Так вот как чувствуют себя люди, приговоренные к казни, когда шагают к палачу? Колени дрожат, во рту сухо, виски пульсируют от напряжения.
Почему, Кот?
Почему она?
Почему не я?
Смотрю Богдану в глаза – в них смятение и беспокойство. Он прячет руки в карманы зеленых шорт и сжимает губы. Останавливаюсь. Между нами полметра, но они ощущаются как бездонная пропасть. Ничего уже не будет как прежде, но я могу попытаться сохранить хоть что-то.
– Привет, – произношу я, пытаясь улыбнуться.
Выходит плохо, и мысленно я впервые разрешаю себе произнести правду: «Я люблю тебя». Фраза расцветает розовым кустом внутри меня. Колет шипами и пьянит сладким ароматом.
Улыбаюсь.
– Привет… – тихо отзывается Кот.
И снова я вижу в глазах дорогого человека стыд, вину и боль… Нет, так не должно быть. Мои друзья будут счастливы. Я сделаю для этого все, что смогу.
– Кот, послушай… Только правда послушай, а не просто как радио в машине. У нас сложилась странная ситуация, которая всех запутала… – Облизываю пересохшие губы, глядя на ворот его футболки. – Я люблю тебя…
Сердце за мгновение собирается из пыли, чтобы разбиться во второй раз.
– Как друга, – заканчиваю фразу бессовестной ложью. – Только как друга. Ты важен для меня, и я хочу, чтобы у тебя все было хорошо. Давай оставим в прошлом все недопонимания.
Поднимаю голову, чтобы посмотреть ему в глаза. Чтобы убедить его. Заставить поверить. Солнце выглядывает из-за облака и ослепляет меня, не давая разглядеть лицо Богдана. Надеюсь, на нем появилось облегчение. Протягиваю руку. Это последнее, что я могу.
– Ну так что? Друзья?
– Конечно, – отвечает Кот, крепко сжимая мою ладонь. – Конечно, друзья.

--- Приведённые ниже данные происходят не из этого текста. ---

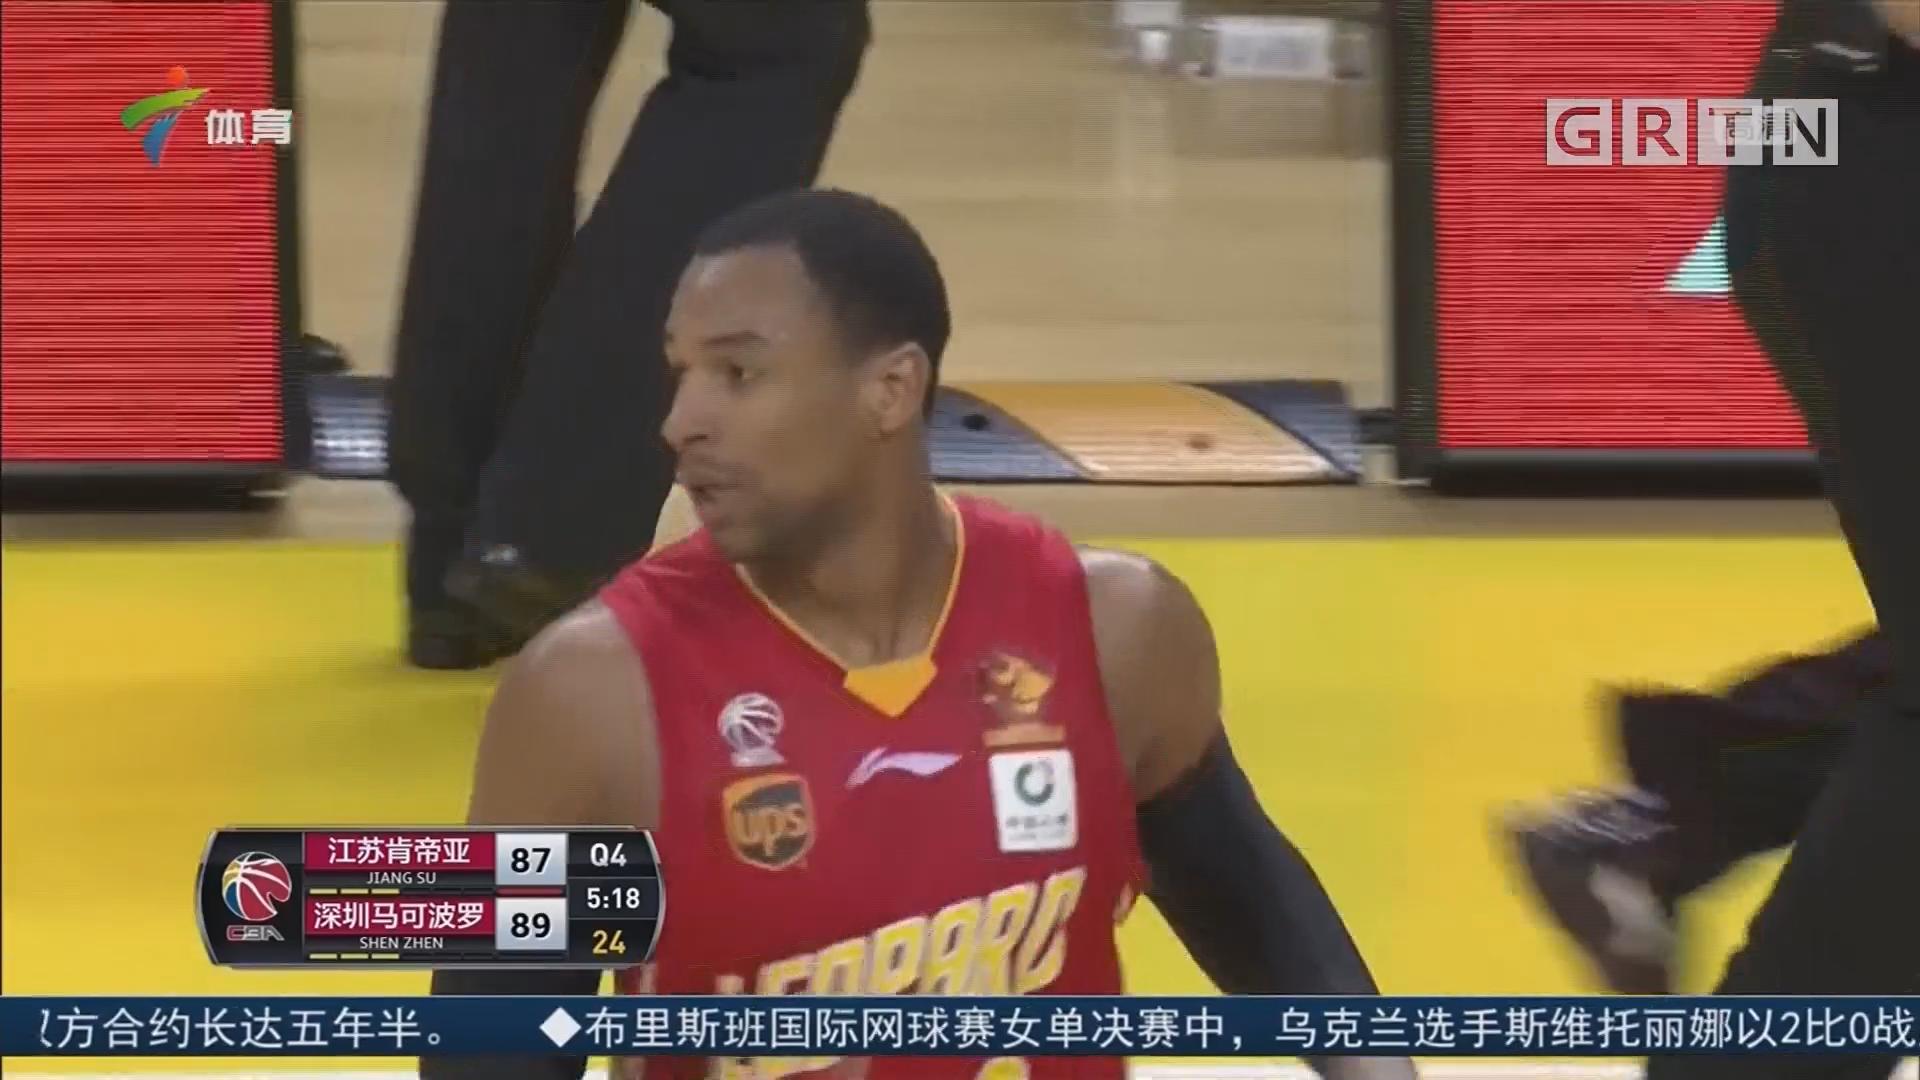 李慕豪建功 深圳客场击败江苏

– Вот и отлично! Рада, что мы все прояснили, – оглядываюсь на Окси. – И за вас тоже рада.
– Правда?
– Кот… – качаю головой и вздыхаю. – Я когда-нибудь врала тебе?
– Никогда, – ласковые интонации в его голосе, словно теплые объятия.
Отступаю в сторону, расслабляя пальцы:
– Ладно. Раз уж мы все выяснили…
Кот не отпускает мою руку, удерживая рядом. Такое ощущение, что он недоволен или зол, но я не могу сейчас себе доверять.
– Мне пора, – освобождаю ладонь. – Пока.
Канат рвется, как нить. Уши закладывает от треска. Улыбаюсь, но не Богдану, а для него, слушая внутренний голос: «Я люблю тебя. Всегда буду. Это ведь не запрещено. Никто об этом больше не узнает».
– Увидимся в школе! – Машу Окси и отправляю ей воздушный поцелуй.
Кинув на Кота взгляд, ухожу по дорожке, что ведет к кинотеатру. Слежу за каждым шагом. Такое чувство, что кости собраны из старых деталек «Лего», которые не подходят друг другу. Как только большое старое здание позволяет скрыться за его стенами, дыхание рвется на судорожные вдохи и выдохи.